Among all enrolled patients, the primary outcome occurred higher in CKD patients after PCI than those without CKD (8.53% vs. 4.11%). The primary outcome of patients with CKD and without CKD are shown in Figure 2 and Supplementary Figure S2. In patients with CAD and CKD, the primary outcome of MACEs occurred in 119 (8.47%) patients with P2Y₁₂ inhibitor monotherapy and 139 (9.65%) patients with DAPT. There were no significant differences for MACEs (RR: 0.88, 95% CI: 0.59–1.31, P = 0.53, I²= 55%, P_{Heterogeneity}= 0.08) between the P2Y₁₂ inhibitor monotherapy and DAPT strategy. In non-CKD patients, the primary outcome of MACEs occurred in 362 (4.11%) patients with P2Y₁₂ inhibitor monotherapy and 398 (4.54%) patients with DAPT. P2Y12 inhibitor monotherapy had a similar risk of MACEs compared to DAPT (RR: 0.91, 95% CI: 0.79–1.04, P = 0.17, I²= 0, P_{Heterogeneity}= 0.50). The risk of MACEs in non-CKD patients receiving P2Y₁₂ inhibitor monotherapy was numerically but not significantly lower compared with DAPT.

FIGURE 2

Figure 2. The RR of primary outcome for patients with CAD and CKD treated with P2Y₁₂ inhibitor monotherapy after 1–3 months DAPT vs DAPT. CI, confidence interval; RR, risk ratio.

3.2. Safety outcome

The major bleeding complications were defined according to the TIMI hemorrhage classification in study TICO (15) and the BARC definition for the other studies. The primary outcome occurred higher in CKD patients after PCI than those without CKD (4.57% vs. 2.50%). The endpoint of major bleeding occurred in 64 (4.56%) and 221 (2.50%) patients with P2Y₁₂ inhibitor monotherapy, and 94 (6.54%) and 332 (3.77%) patients with DAPT in CKD and non-CKD patients, respectively. We found that 1–3 months of DAPT followed by P2Y₁₂ inhibitor monotherapy had a lower risk of major bleeding compared with those applying DAPT in patients with CAD and CKD (RR: 0.69, 95% CI: 0.51–0.95, P = 0.02, I²= 31%, P_{Heterogeneity}= 0.22) and non-CKD (RR: 0.66, 95% CI: 0.49–0.89, P = 0.01, P_{Heterogeneity}= 0.06) with low evidence of heterogeneity among studies (Figure 3; Supplementary Figure S3).

FIGURE 3

Figure 3. The RR of safety outcome for patients with CAD and CKD treated with P2Y₁₂ monotherapy after 1–3 months DAPT vs DAPT. CI, confidence interval; RR, risk ratio.

3.3. Publication bias and sensitivity analysis

We did not conduct funnel plots to assess for selection bias owing to the relatively small number of included studies, thereby limiting the test power of our meta-analysis. The individual trial influences on the primary and safety outcomes did not reveal inconsistency (Supplementary Figure S4).

4. Discussion

Our meta-analysis showed that CKD patients undergoing PCI indeed had a higher risk of ischemic and bleeding events than those without CKD. P2Y₁₂ inhibitor monotherapy after 1–3 months of DAPT was associated with a significantly lower risk of major bleeding than DAPT, and the magnitude of this effect was consistent among patients with and without CKD. Nevertheless, we did not detect evidence of a benefit from 1 to 3 months of DAPT followed by P2Y₁₂ inhibitor monotherapy with respect to MACEs compared with DAPT among these patients, irrespective of the presentation of renal dysfunction. To the best of our knowledge, this is the first meta-analysis that compared the pooled efficacy and safety of P2Y₁₂ receptor inhibitor monotherapy with DAPT among individuals with CAD and CKD undergoing PCI.

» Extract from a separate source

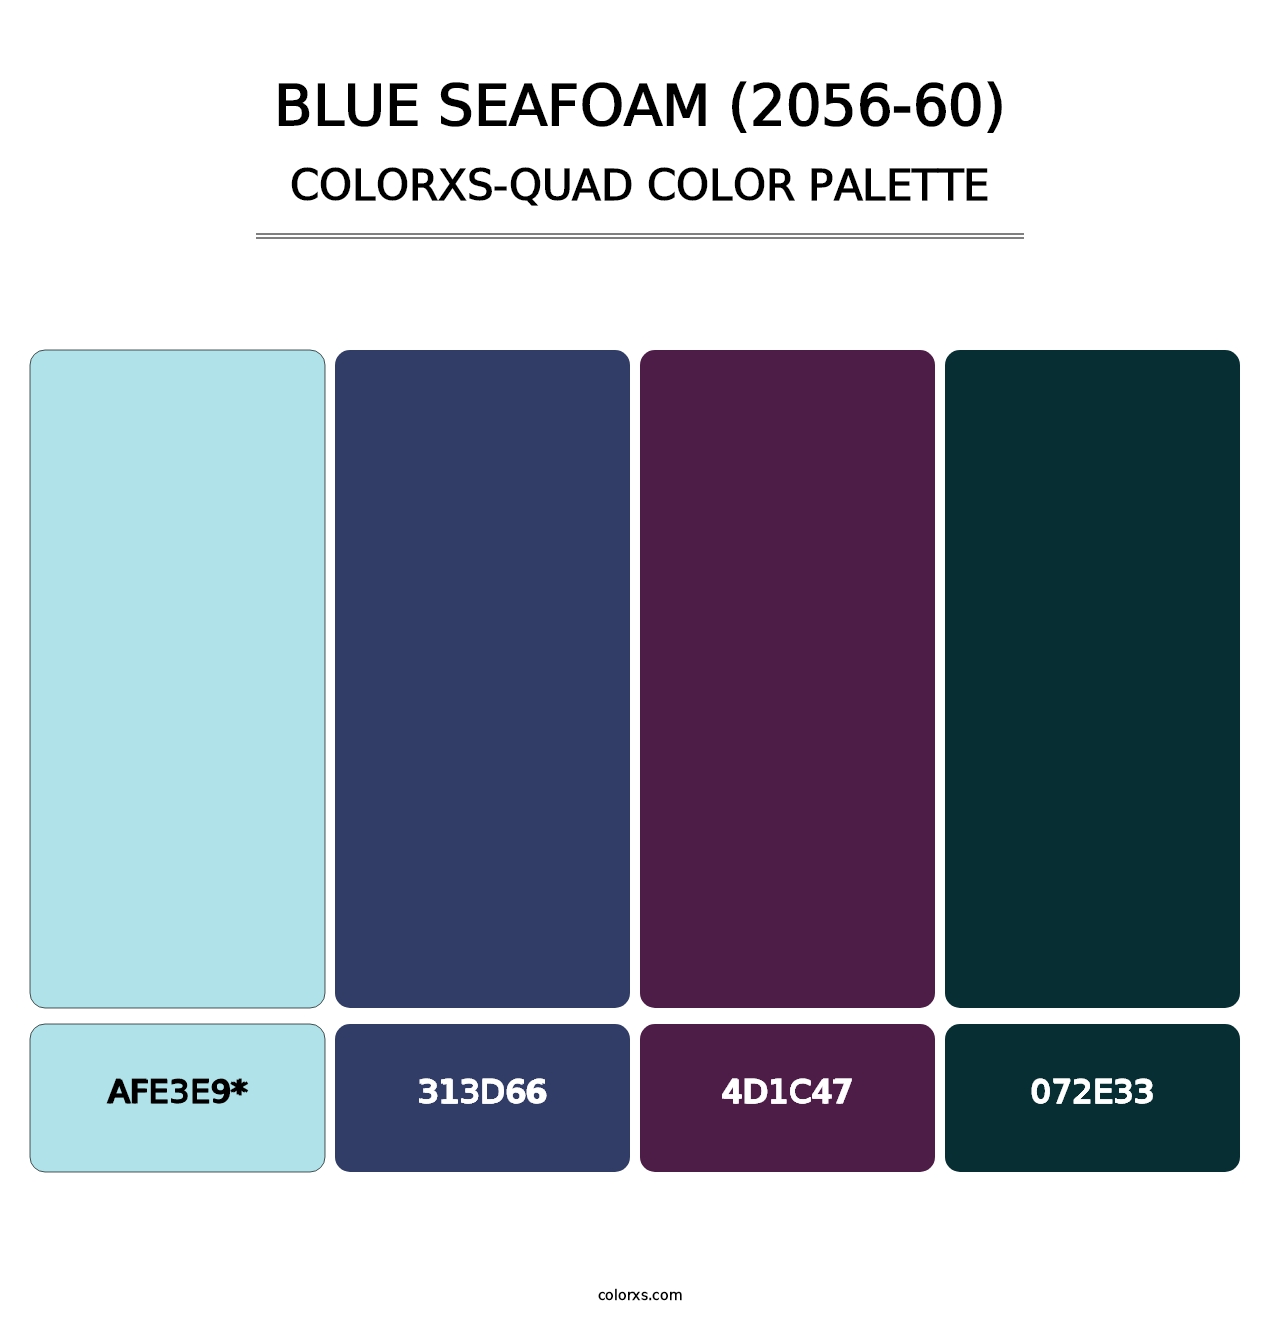 Blue Seafoam (2056-60) - Colorxs Quad Palette

The present meta-analysis included large-scale randomized controlled trials (RCTs) investigating the efficacy and safety of short-term DAPT in reducing bleeding events without increasing MACEs in patients with CAD undergoing PCI (3, 14–16). This is consistent with several previous meta-analyses, which concluded that short-term DAPT may have superiority with respect to the safety and similar efficacy compared to standard 12-month DAPT regimen, regardless of comorbidity in the general population with CAD (18, 19). Similarly, previous trials exclusively enrolling high bleeding risk patients also reported the benefits of short-term DAPT (20). Our study found that P2Y₁₂ inhibitor monotherapy after 1–3 months of DAPT after PCI was not associated with potential harm. When compared to DAPT, P2Y₁₂ inhibitor monotherapy significantly reduced the risk of major bleeding and demonstrated comparable rates of MACEs. The magnitude of this effect was consistent among both CKD and non-CKD patients undergoing PCI.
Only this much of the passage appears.